Creating an application will definetely help you, but I believe in the end there will some manual work involved. Here's what I would do.
Even if it we're possible to write an application to truly figure out if it was a logo or not seems like it would be a massive amount of code. In the end, it would probably weed out even more than the above, but you have to take into account it could be faster for human to visually parse the results then the time it took for you to write and test the complex code.
解决这个问题的另一种简单方法是获取所有叶节点,并获取第一个
可以在网上查找项目以获取 html 叶节点或使用正则表达式获取所有 html 标签的项目。
Yet another simple way to solve this problem is to get all leaf nodes and get the first
you can lookup for projects to get html leaf nodes on the net or use regular expressions to get all html tags.

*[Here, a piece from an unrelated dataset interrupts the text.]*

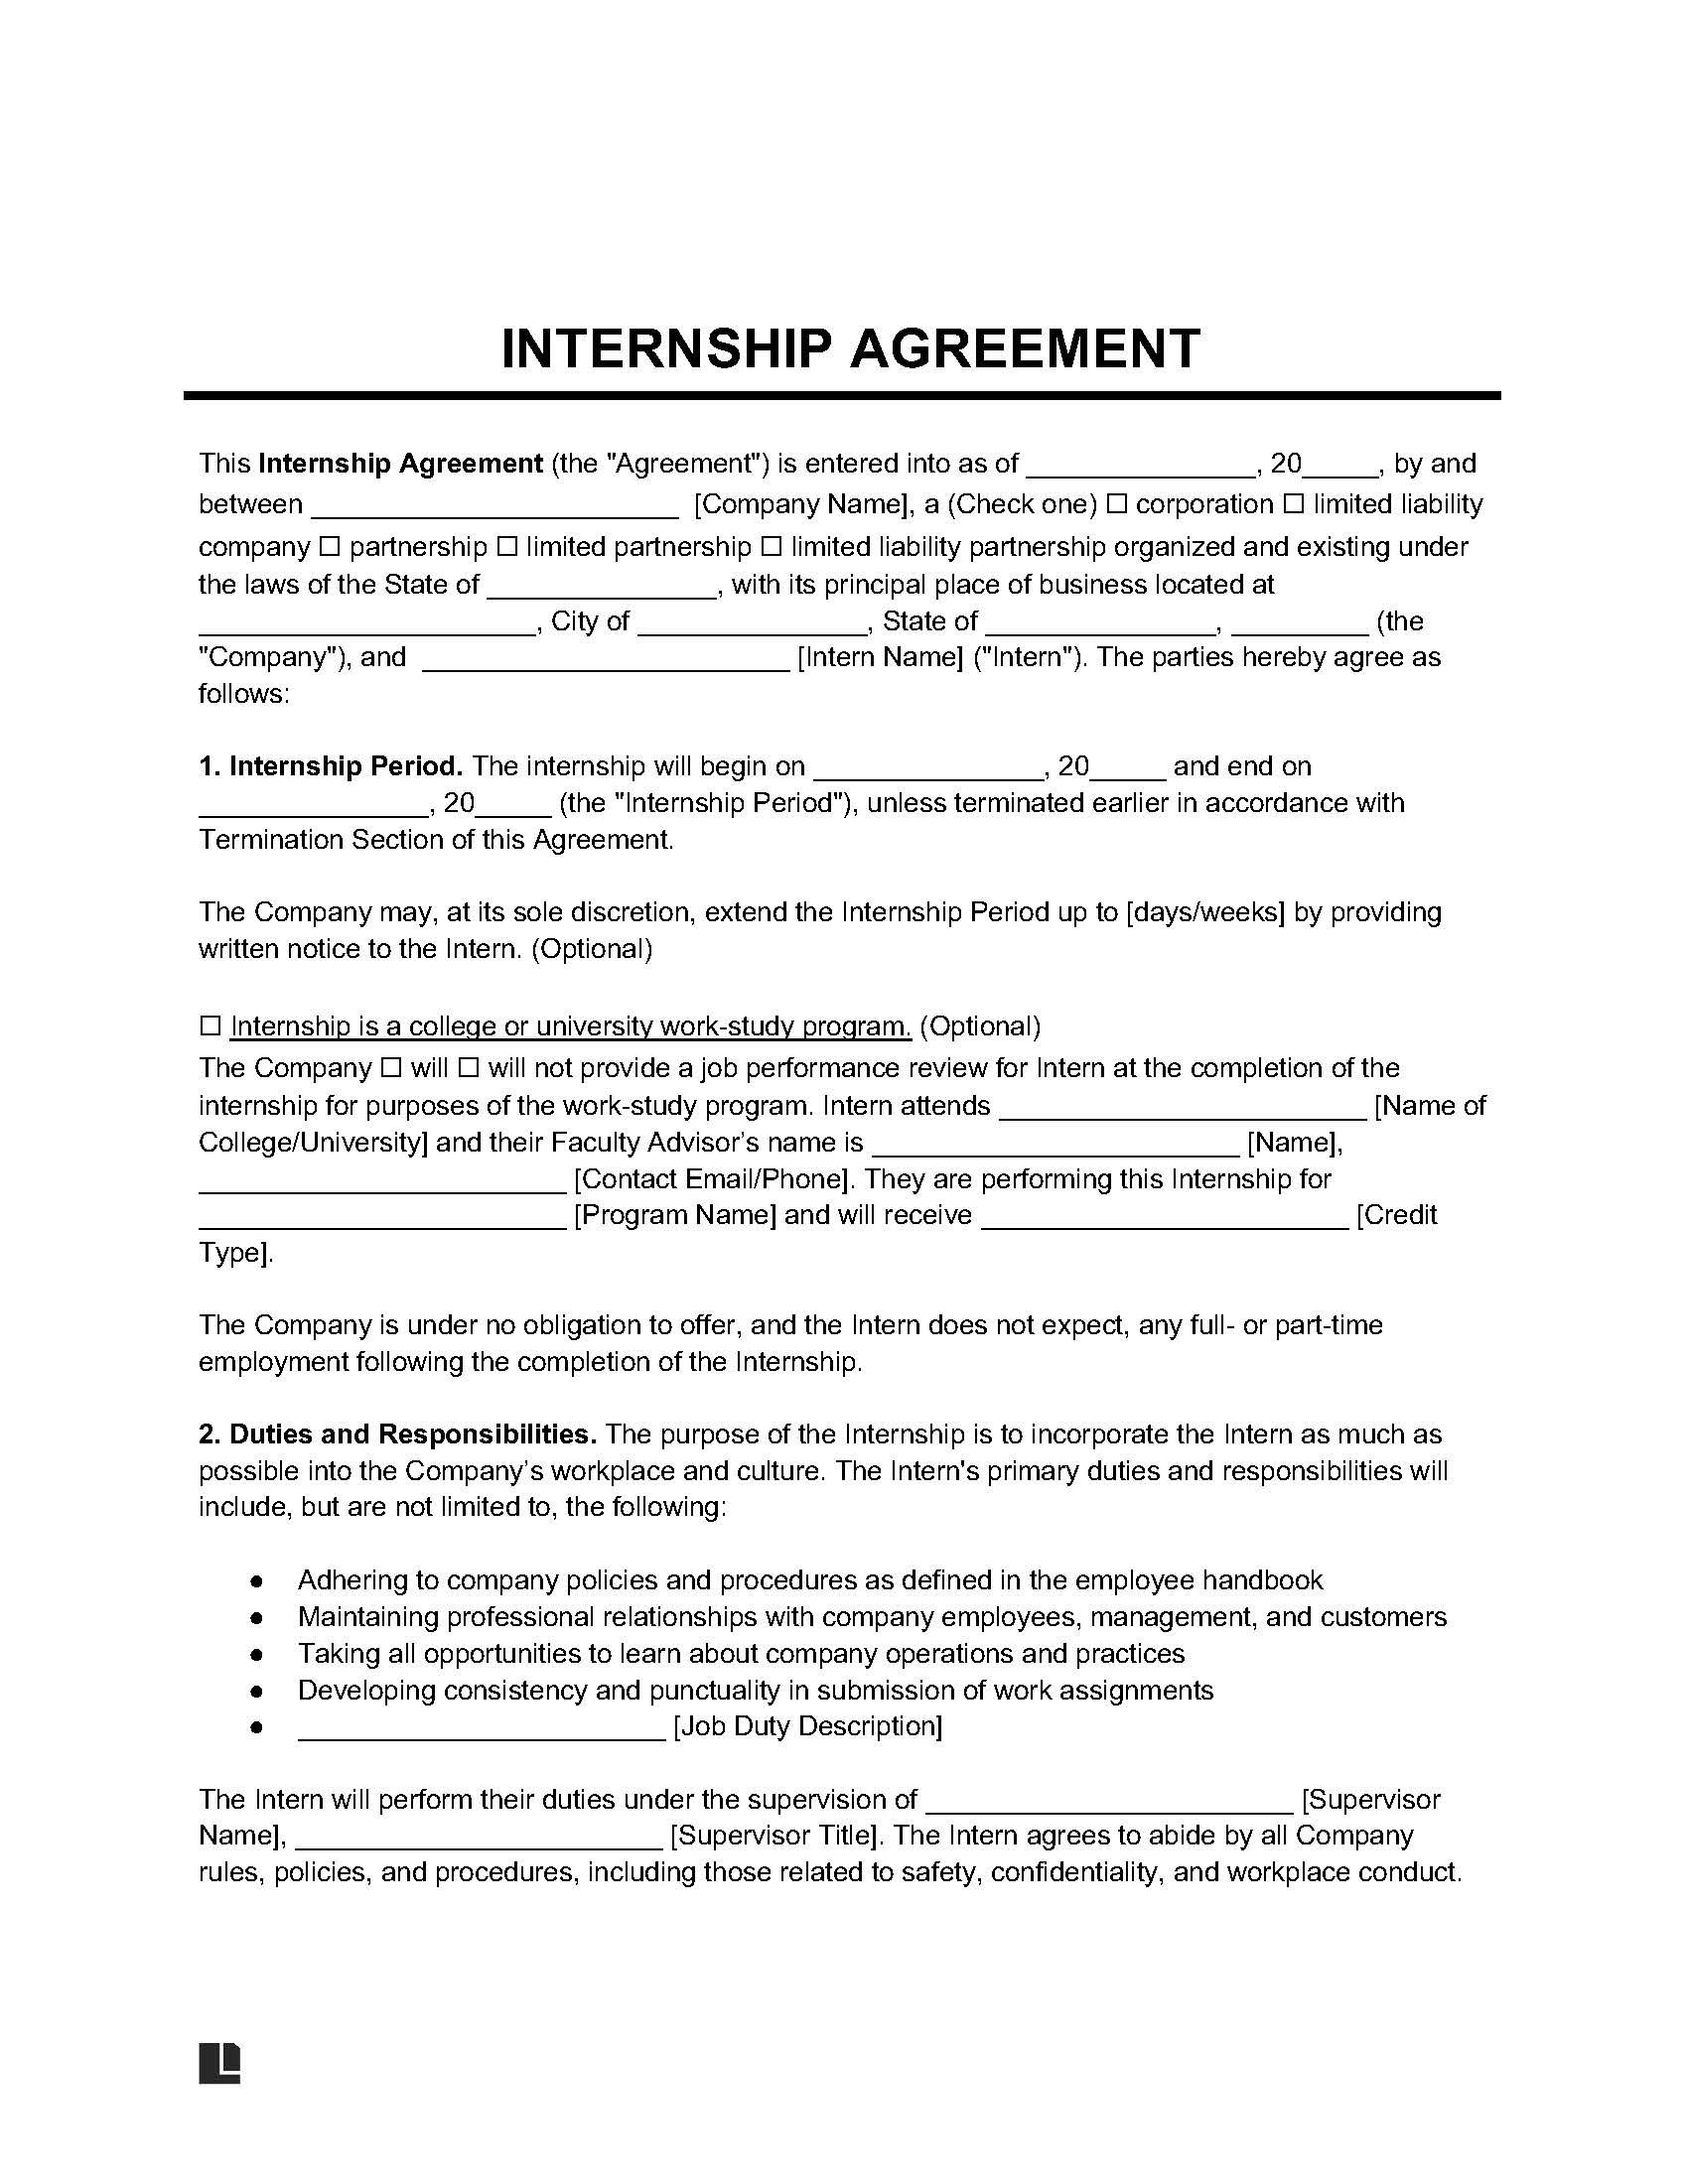 Internship Agreement Sample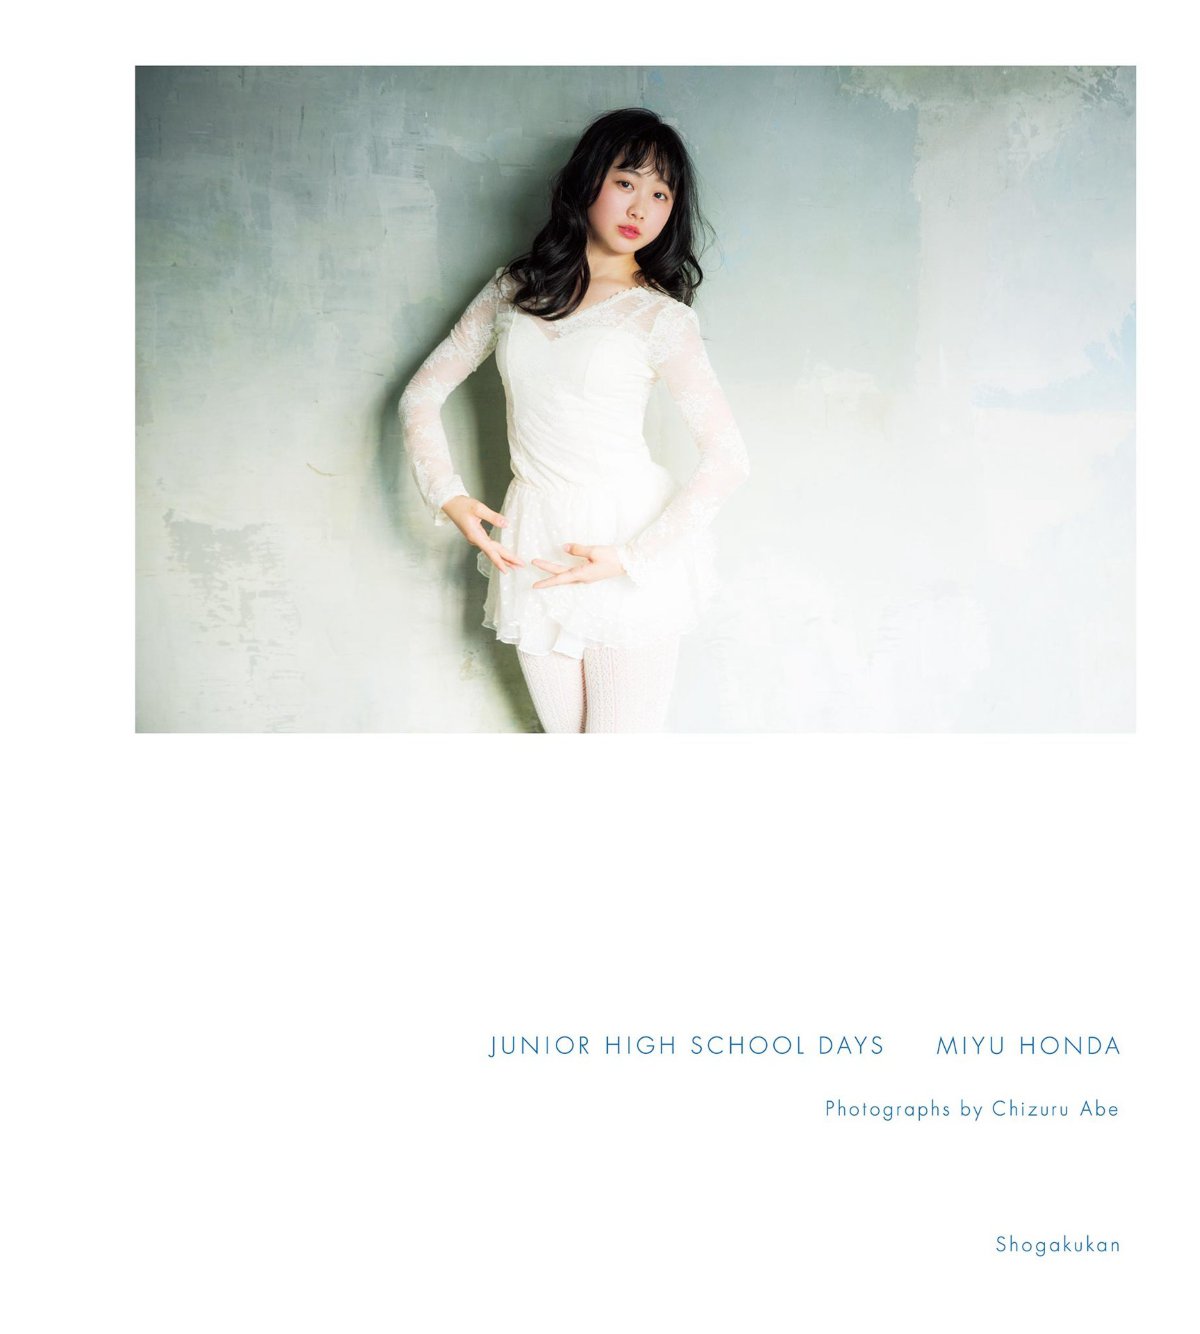 Photobook Miyu Honda 本田望結 JUNIOR HIGH SCHOOL DAYS 2020 04 30 0001 8244602074.jpg

我使用 C# 控制台应用程序和 HtmlAgilityPack nuget 包从 600 多个网站中抓取徽标。
算法是获取 url 中包含“logo”的所有图像。
在提取过程中您将面临的挑战是:
提出请求之前的协议)
考虑到这一点,
我获得了大约 70% 的成功,但有些图像并不是实际的徽标。
I used C# console app with HtmlAgilityPack nuget package to scrape logos from over 600+ sites.
Algorithm is that you get all images that have "logo" in url.
The challenges you will face with during such extraction are:
protocol before you make a request)
string at the end
With that things in mind I got approximately 70% of success but some images were not actual logos.